PROBLEM DESCRIPTION: Verbatim copy, pictures excluded: every line from the one with "New IPS screens" through the final line of the data below, and no other line.

RECORDED INFORMATION:
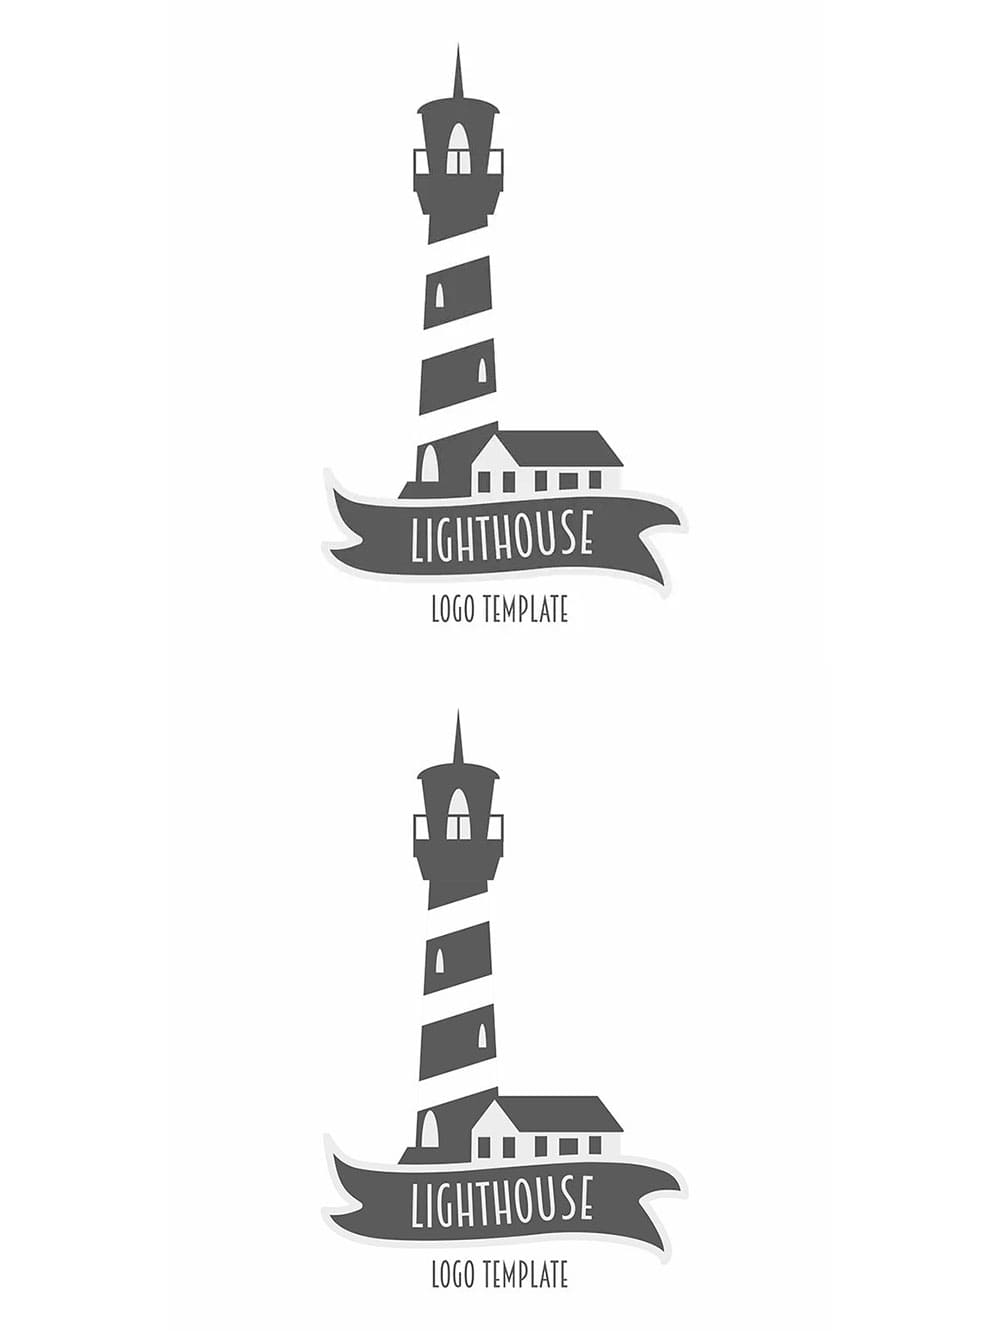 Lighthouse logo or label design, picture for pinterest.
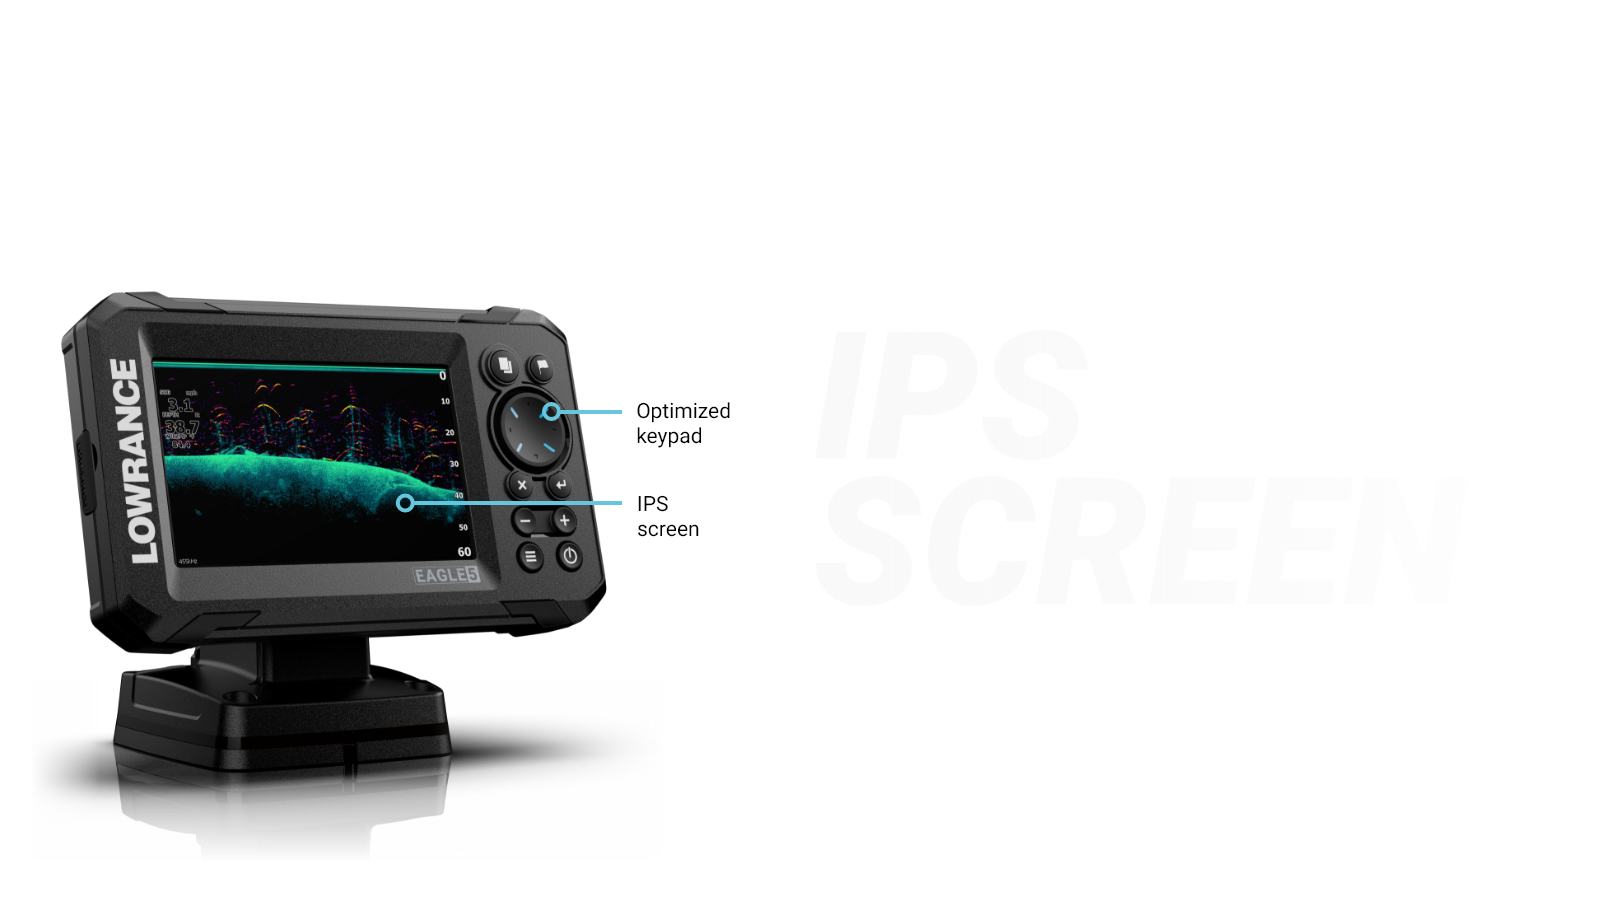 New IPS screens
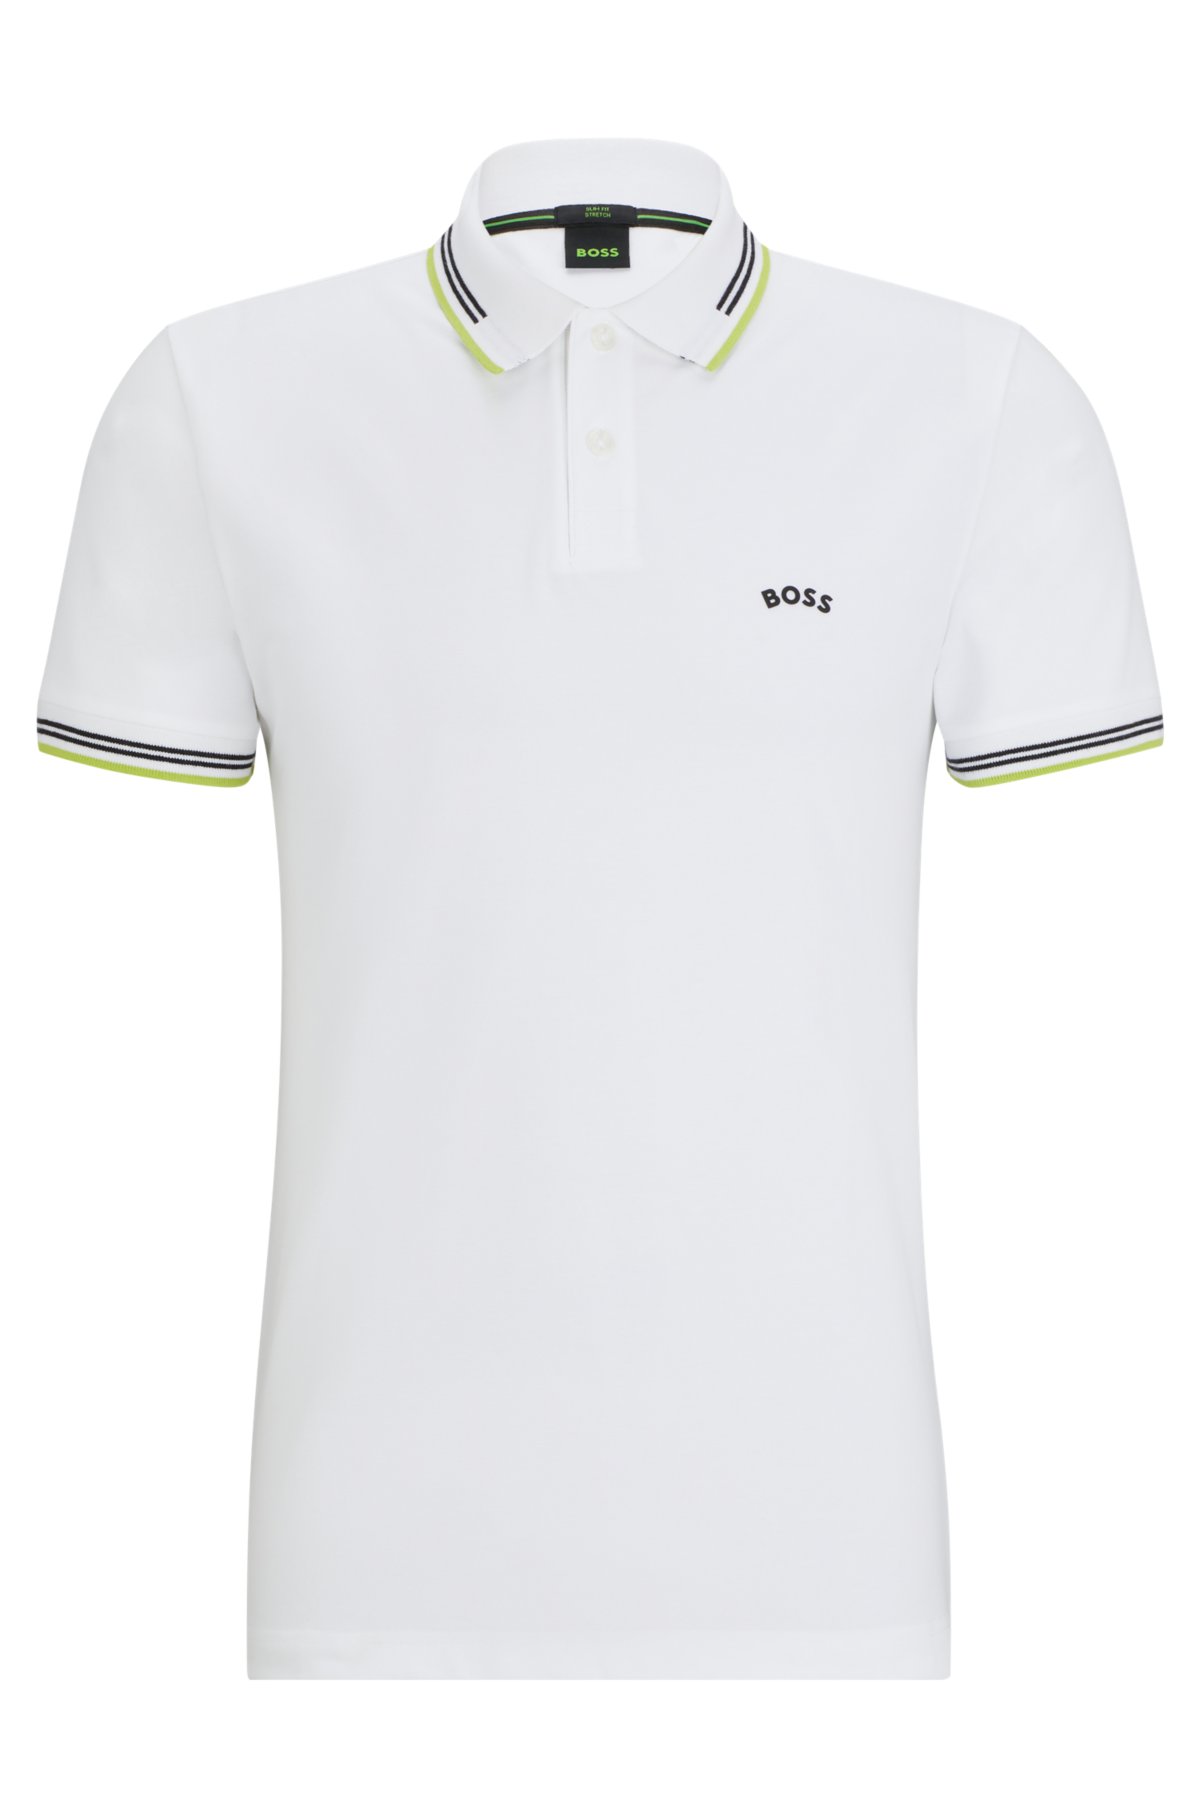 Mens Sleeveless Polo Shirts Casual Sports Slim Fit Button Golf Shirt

ANSWER FOR THE TASK:
 New IPS screens
 Mens Sleeveless Polo Shirts Casual Sports Slim Fit Button Golf Shirt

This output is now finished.